For a simple example, given a struct like
struct S {
let a: SomeClass
let b: UInt32
let c: SomeOtherClass
}
enum E {
case A(c: SomeClass)
case B(s: S)
case C(i: UInt32)
case D
}
Normally, we would see a value witness function to destroy it look something like:
define $s1E1AVwxx(addr, metadata): // value witness destroy for E
gep to field containing extra inhabitants
compute enum case based on extra inhabitants
if A:
release A
if B:
destroy B
With Byte Code Value Witnesses, we would at compile time, compute a string representative of the type, then pass that to a runtime function to interpret. To make up a format for clarify:
// Sample format for clarity, see below for actual byte based format
string = enum {
emptyCases: 1,
cases: [
Reference,
Struct: [ Reference, POD32, Reference ],
POD32,
]
}
define $s1E1AVwxx(addr, metadata): // value witness destroy for E
call runtime_destroy(addr, string, len(string), metadata)

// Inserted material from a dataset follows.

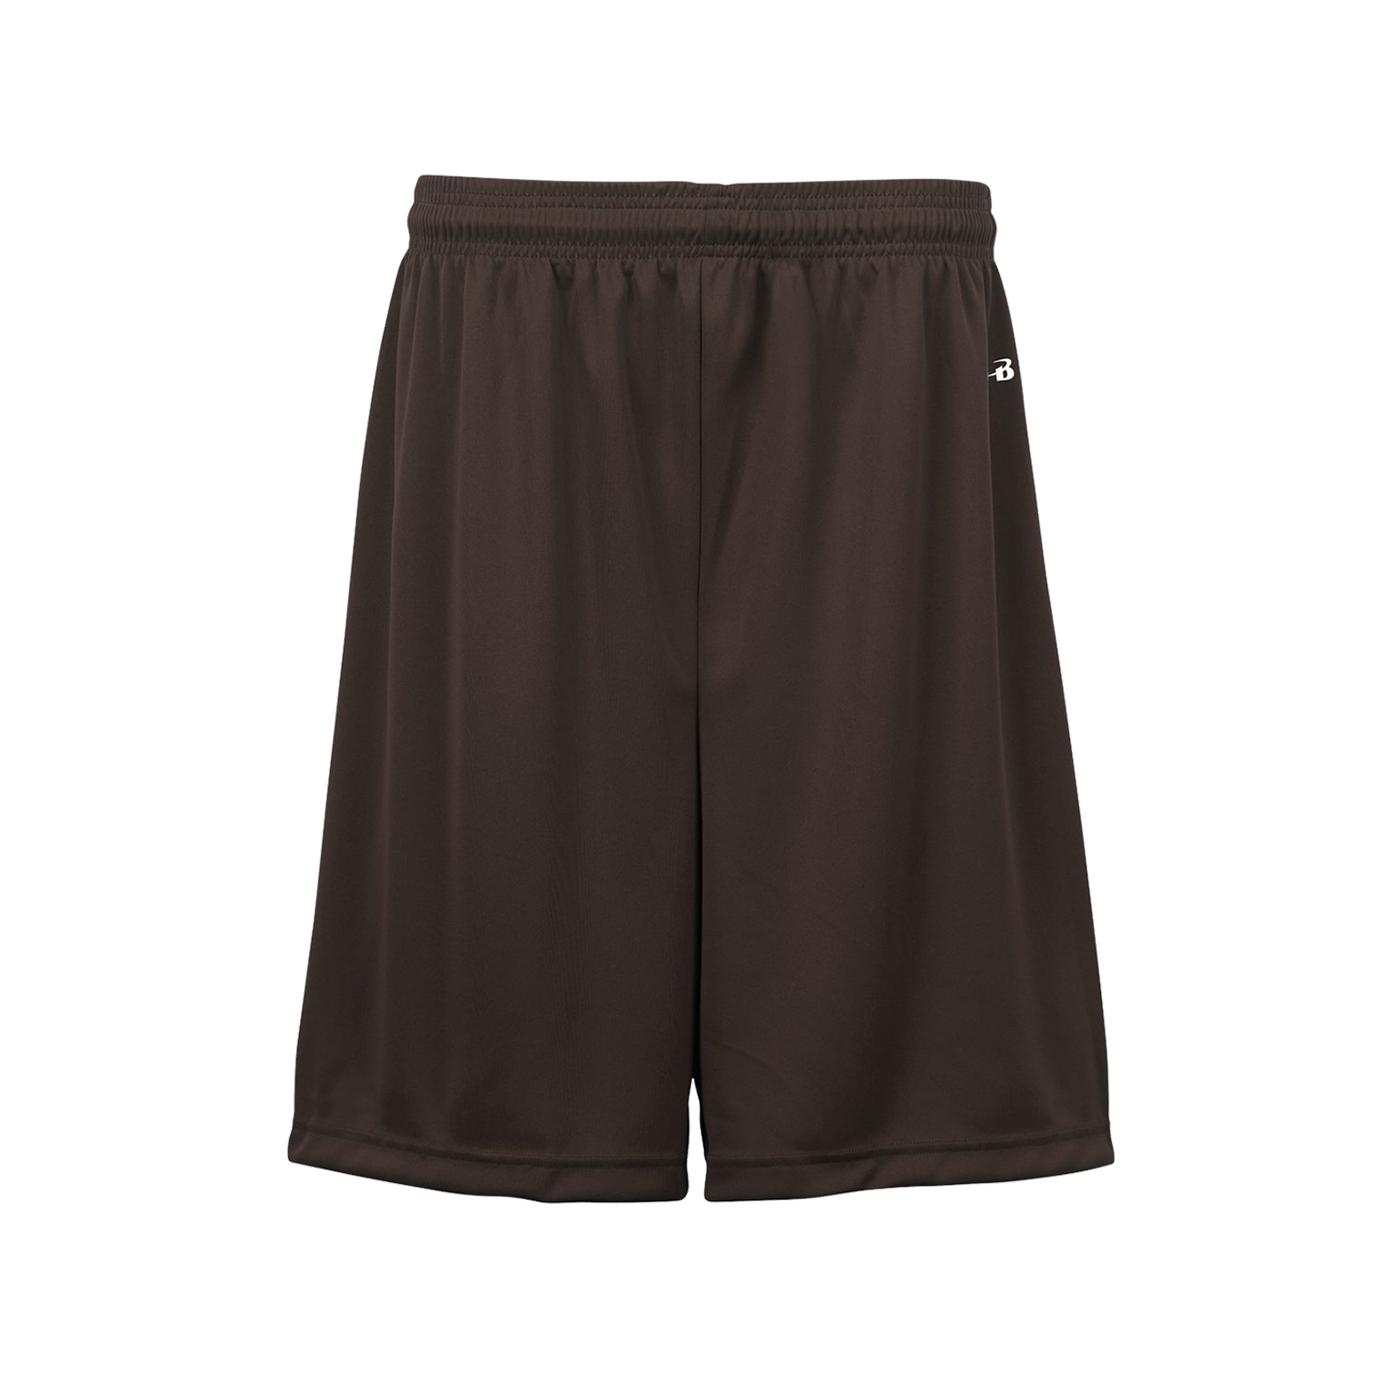 B-Core 7 Inch Short - Brown

Our code that had to do all the work is now a call to a runtime function with a precompiled string. This allows us to make a code size/runtime cost trade off. A complete implementation should allow the replacement of at the minimum, destroying, as well as the assign/initialize with copy/take value witness functions functions. It likely also extends to the buffer and enum operations, though my focus has mainly been on copying/destroying so far.
Metrics
I don't currently have good metrics on size improvements in a large app, but it in reduced test case of defining some nested structs/enums, I was seeing about a 6% text section decrease by replacing the destroy and copy functions. I don't at all have numbers on how big of a performance decrease to expect from interpreting the strings. As is the proof of concept is anything but optimized, so unfortunately I don't think getting performance numbers now would be all that useful.
Some Logistics
As for enabling and disabling this, the proof of concept is behind a global flag, but I think this would be more useful with something that is a little more fine grain. Being able to annotate a specific problematic large type would be more useful than having to globally enable and disable the behaviour. My understanding is that an underscored attribute doesn't require too much process to add.
The Byte Code
The rest of this post is about the byte code format, which is the main thing I'd like feedback on. I'd expect it to be changeable, in the future, but somewhat cumbersome to do so, so I'd like to make sure it's ship shape before committing to something. Both Archetypes and Multi Enums have a lot of complex cases, and I while I did my best to understand the current implementation, there are not a lot of documentation on them, so it's not unlikely my understanding is incorrect or incomplete in places.
Overview
The byte code leverages and adds onto the current Type Layout infrastructure (see lib/irgen/TypeLayout.cpp). The type layout infrastructure has several types of types that we need to handle:
- Scalars (Non composite types, ints and References mostly)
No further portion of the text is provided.